Three-Parent Babies to Prevent Mitochondrial Diseases

The research started with monkeys. In August 2009, scientists from the Oregon National Primate Research Center published a study1 in which they transplanted the DNA of monkeys with damaged mitochondria into “chromosome-empty” eggs of monkeys with healthy mitochondria. Fifteen viable embryos resulted, four of which were brought to term. The purpose of this research was to prevent conditions such as blindness, deafness, dementia, or diabetes, all of which can be caused by faulty mitochondria and affect one in every 6,500 children.

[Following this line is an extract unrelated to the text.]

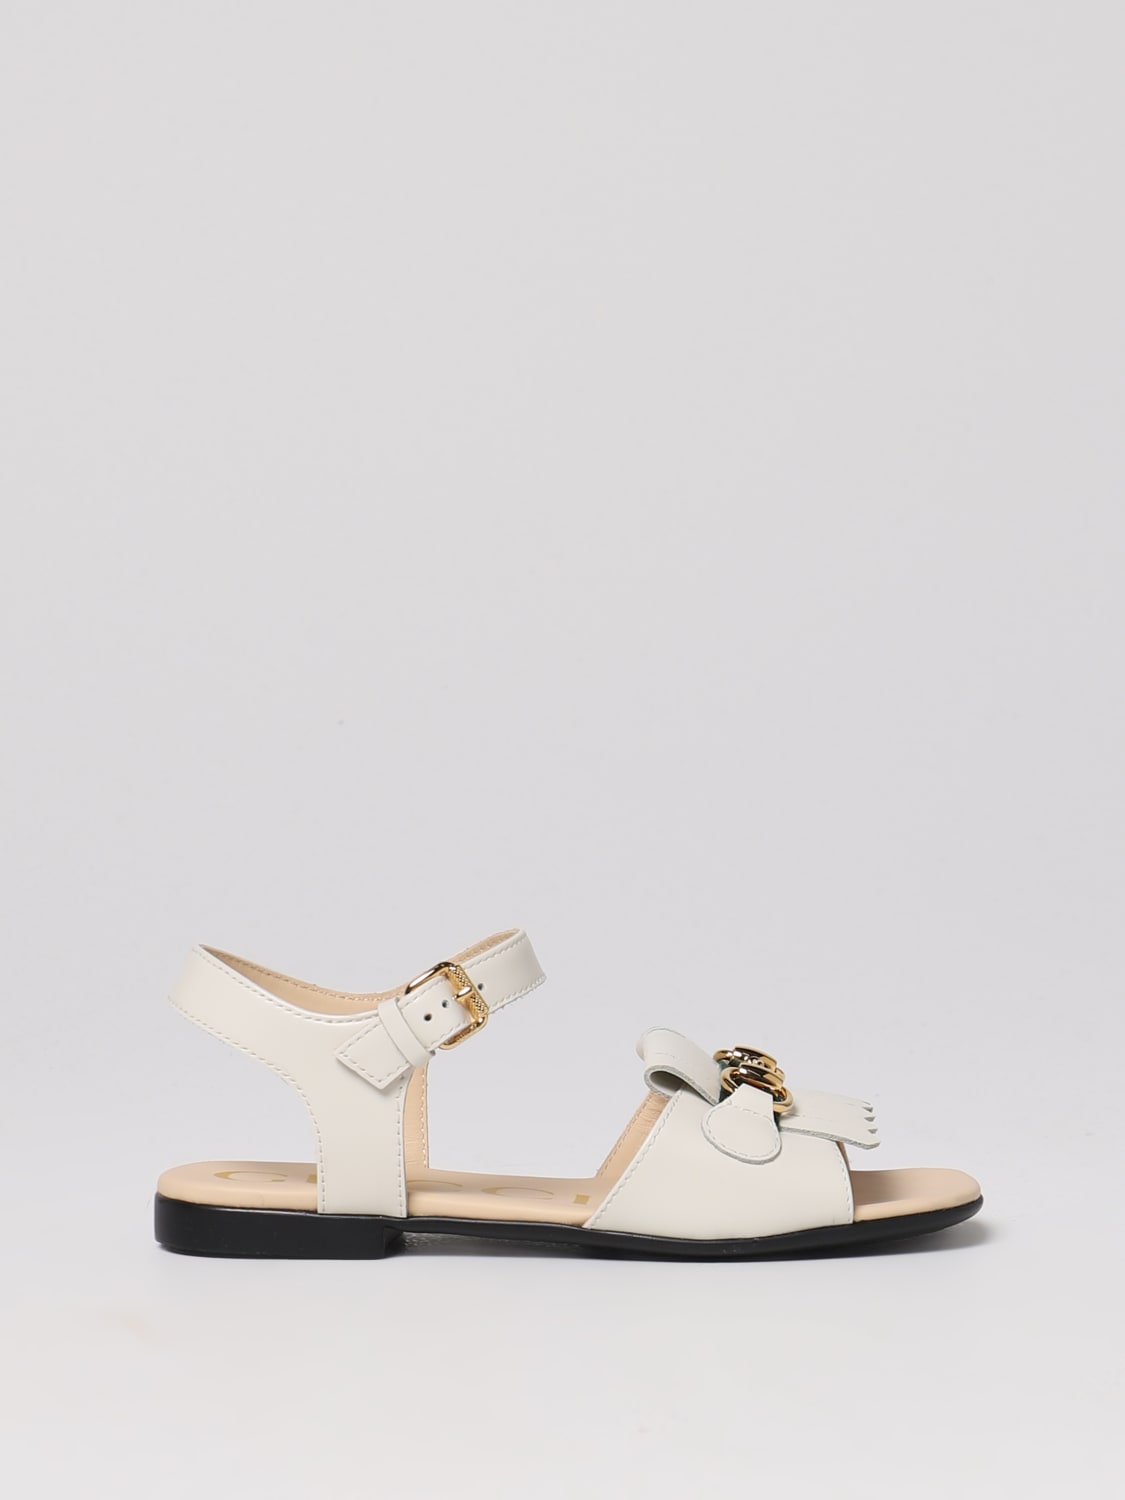 Sociologi spejder Labe GUCCI: sandal in brushed leather - White | Gucci shoes 725766AABF0 online  on GIGLIO.COM

Recently, Doug Turnbull and other researchers from Newcastle University took the primate research a step further by merging fertilized human eggs—thus creating the potential for babies with three parents.2 The researchers essentially replicated the earlier study’s method, taking the DNA, or pronuclei, from the embryo created by the mother’s egg and father’s sperm and injecting it into a “hollowed out” egg belonging to a second woman (i.e. an egg from which the pronuclei have been removed). This creates an embryo with healthy mitochondria (from the donated embryo) while preserving the parental DNA (from the pronuclei).

Ethical concerns aside, several questions remain:

  • What might be the effects of having two biological mothers?
  • Could the tiny amount of damaged mitochondrial DNA that ends up in the healthy host egg still be enough to cause mitochondrial disease?

Still, researchers are optimistic that their technique will be fine-tuned and ready to undergo the ethical gauntlet in as little as three years time.

Check out another 2009 study3 in which researchers attempt to improve IVF for older women by implanting their nuclei, containing the majority of the DNA for the baby, into the healthy cytoplasm of younger donor mothers’ eggs.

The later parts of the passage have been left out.